These are the fire sprinklers that were designed and built in the schools in the1960's and now these schools are  undergoing modernization. The sprinkler heads are left in the ceiling disconnected from the water supply and replaced with new smoke detectors, it makes no sense.
When I ask about fire doors being modified in the field or cut in half to make a dutch door in a gym corridor. I'm told they might not need fire doors in the gym anymore because of the new smoke detectors.
It's crazy.


----------



## cda (Apr 28, 2018)

Love

MoonBeam laws


----------



## Msradell (Apr 28, 2018)

Rider Rick said:


> These are the fire sprinklers that were designed and built in the schools in the1960's and now these schools are  undergoing modernization. The sprinkler heads are left in the ceiling disconnected from the water supply and replaced with new smoke detectors, it makes no sense.
> When I ask about fire doors being modified in the field or cut in half to make a dutch door in a gym corridor.
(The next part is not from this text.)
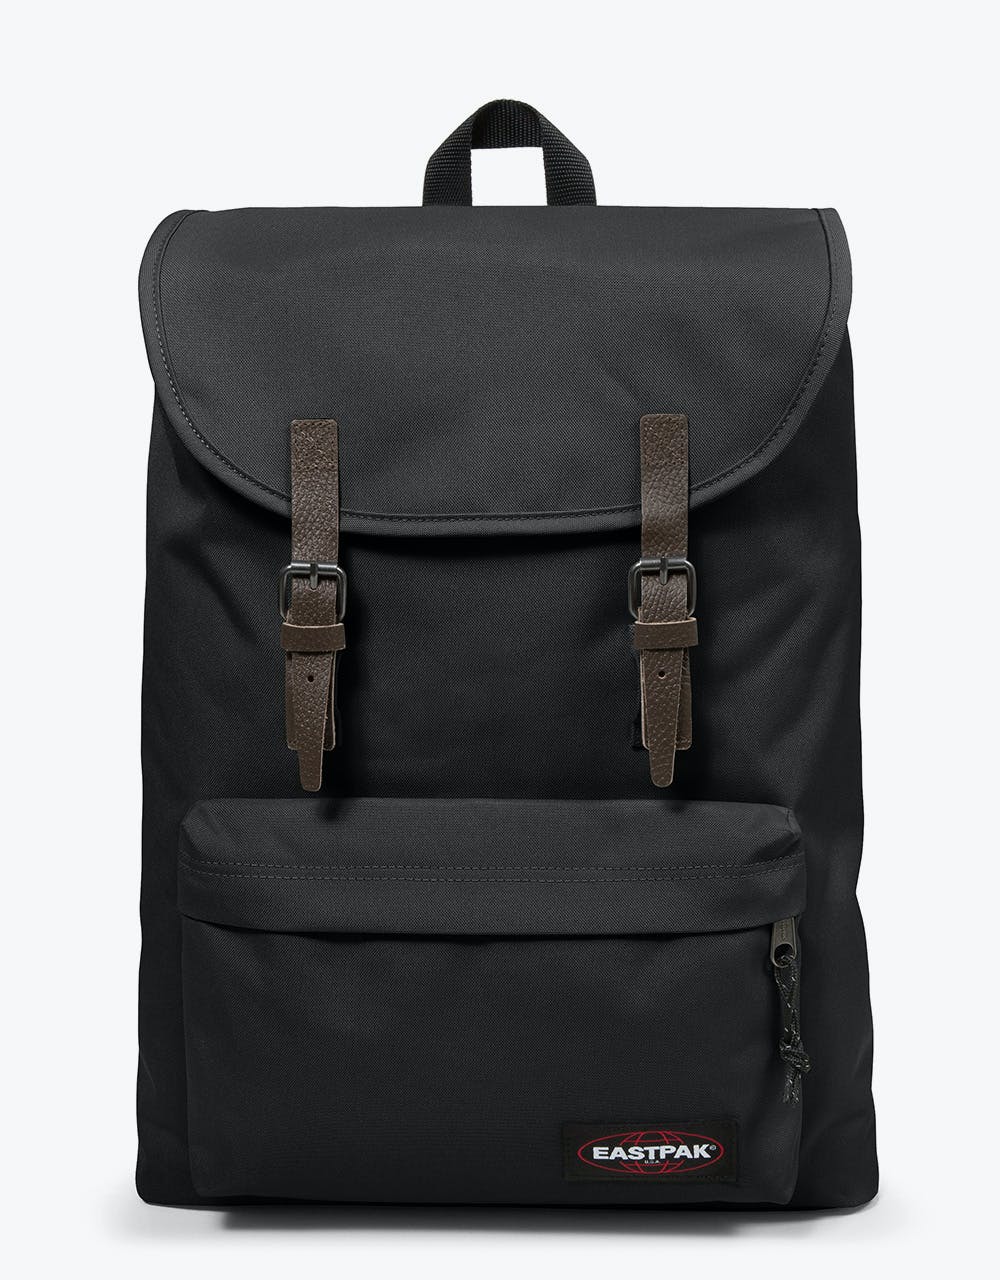 Eastpak London Backpack - Black

I'm told they might not need fire doors in the gym anymore because of the new smoke detectors.
> It's crazy.


They might not need them?  I would think they should be damn sure before they go removing any type of fire protection that's already in place.  I could maybe understand that needing as many fire doors if you were installing a sprinkler system but you removed one.  I sure hope they have everything well documented if I ever have a fire and somebody gets hurt or even worse killed.


----------



## ADAguy (Apr 30, 2018)

Don't be so sure! This is another example of Districts overstepping their authority and exposing students to future danger.
Contact local FD?


----------



## cda (Apr 30, 2018)

ADAguy said:


> Don't be so sure! This is another example of Districts overstepping their authority and exposing students to future danger.
> Contact local FD?



Well if the state has taken away the power not much fd can do


----------



## ADAguy (May 1, 2018)

As first responders they conduct annual inspections and should take this up with State architect, no?


----------